--- START ---

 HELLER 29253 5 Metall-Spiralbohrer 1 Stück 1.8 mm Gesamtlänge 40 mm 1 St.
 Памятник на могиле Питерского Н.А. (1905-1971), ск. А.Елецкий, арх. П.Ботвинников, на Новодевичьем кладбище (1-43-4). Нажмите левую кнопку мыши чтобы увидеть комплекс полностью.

--- END ---
--- START ---

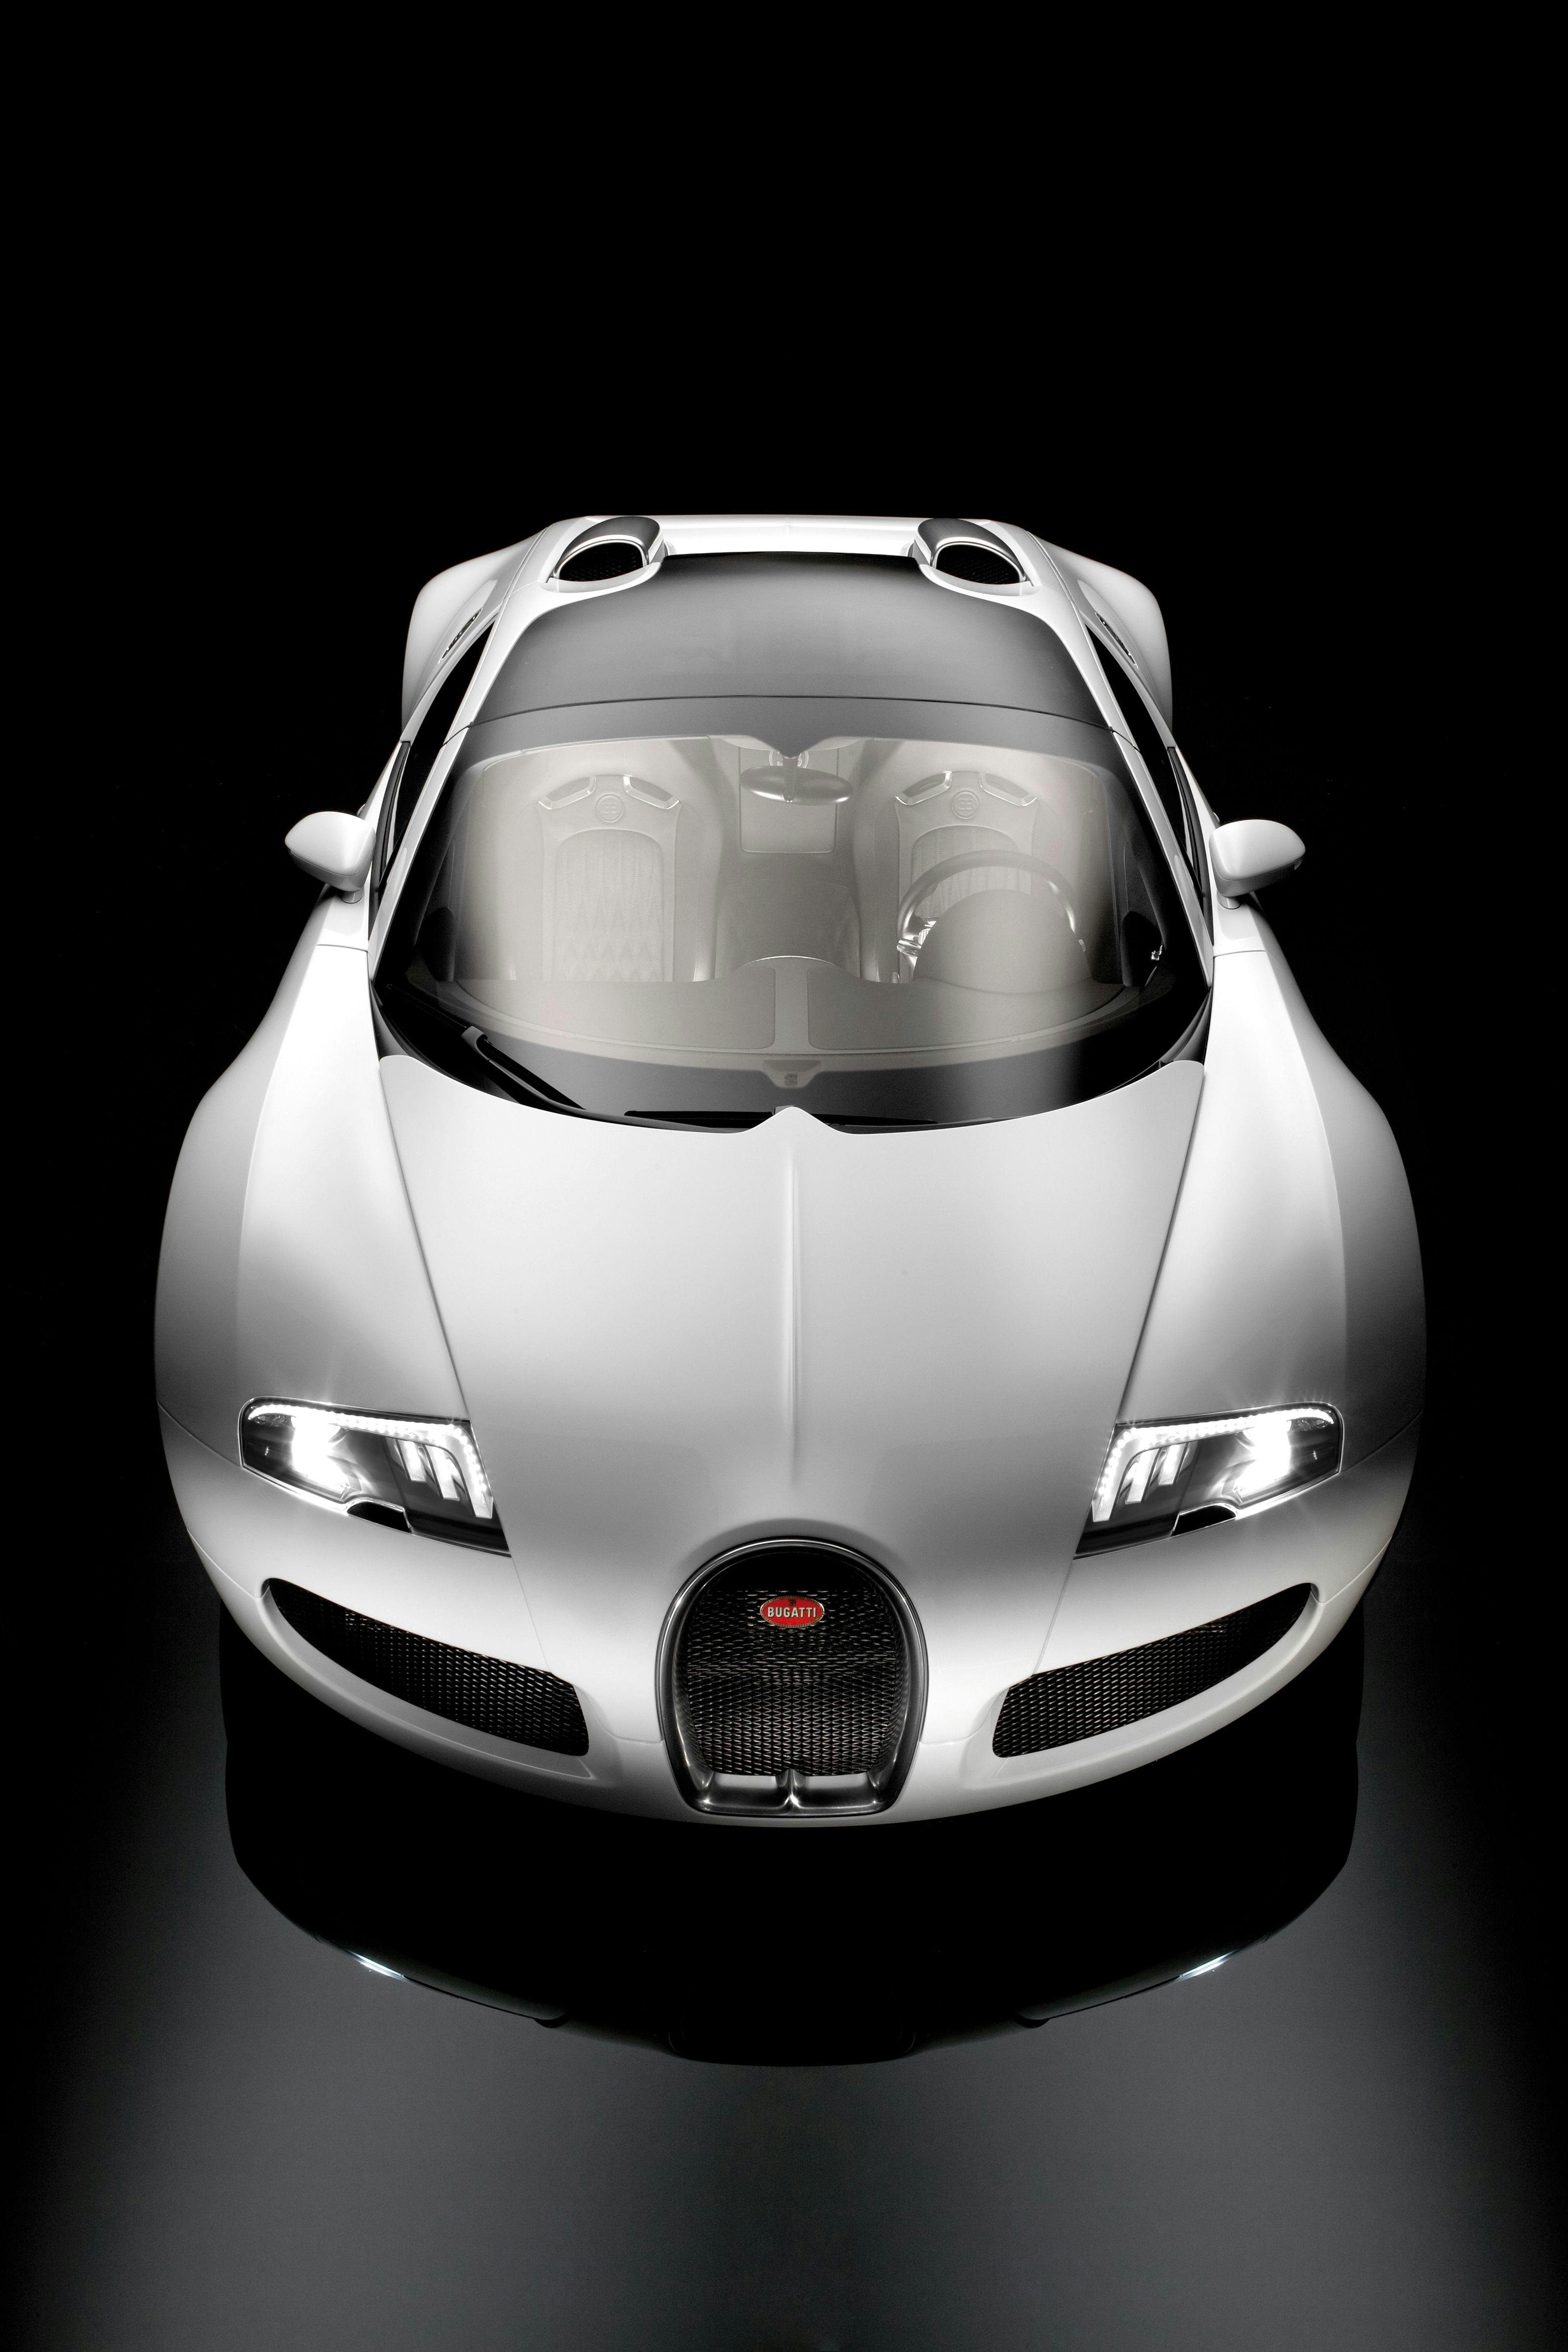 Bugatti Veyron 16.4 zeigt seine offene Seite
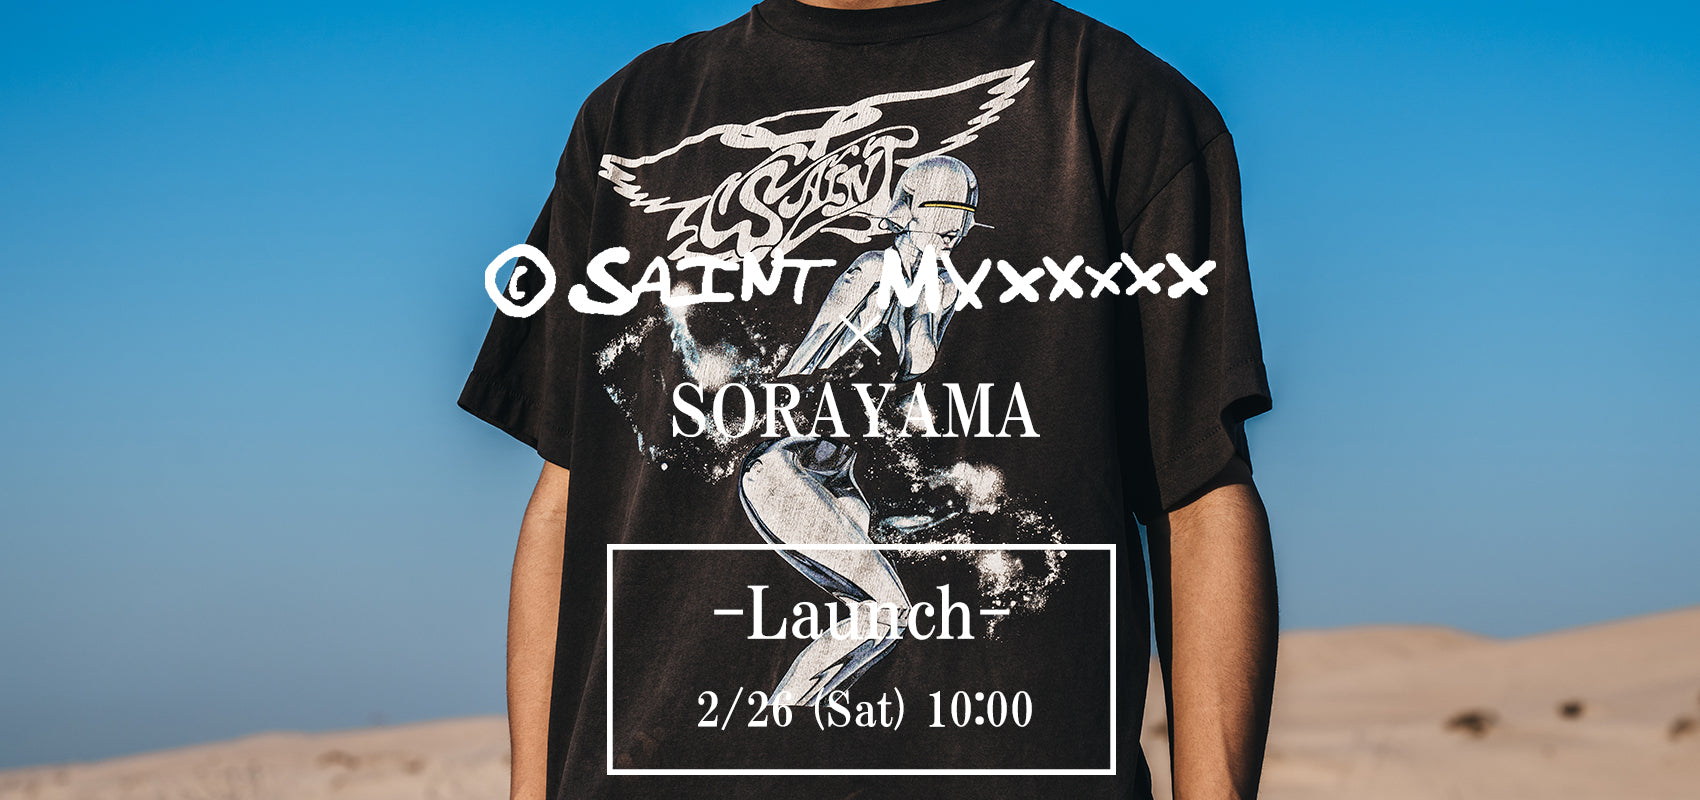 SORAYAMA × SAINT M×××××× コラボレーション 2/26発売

--- END ---

- **WHAT IS REQUIRED**
Transcribe the lines above between the line holding "HELLER 29253 5" and the line holding "Памятник на могиле", inclusive, exactly as they stand and with nothing added.

- **EXERCISE SOLUTION**
 HELLER 29253 5 Metall-Spiralbohrer 1 Stück 1.8 mm Gesamtlänge 40 mm 1 St.
 Памятник на могиле Питерского Н.А. (1905-1971), ск. А.Елецкий, арх. П.Ботвинников, на Новодевичьем кладбище (1-43-4). Нажмите левую кнопку мыши чтобы увидеть комплекс полностью.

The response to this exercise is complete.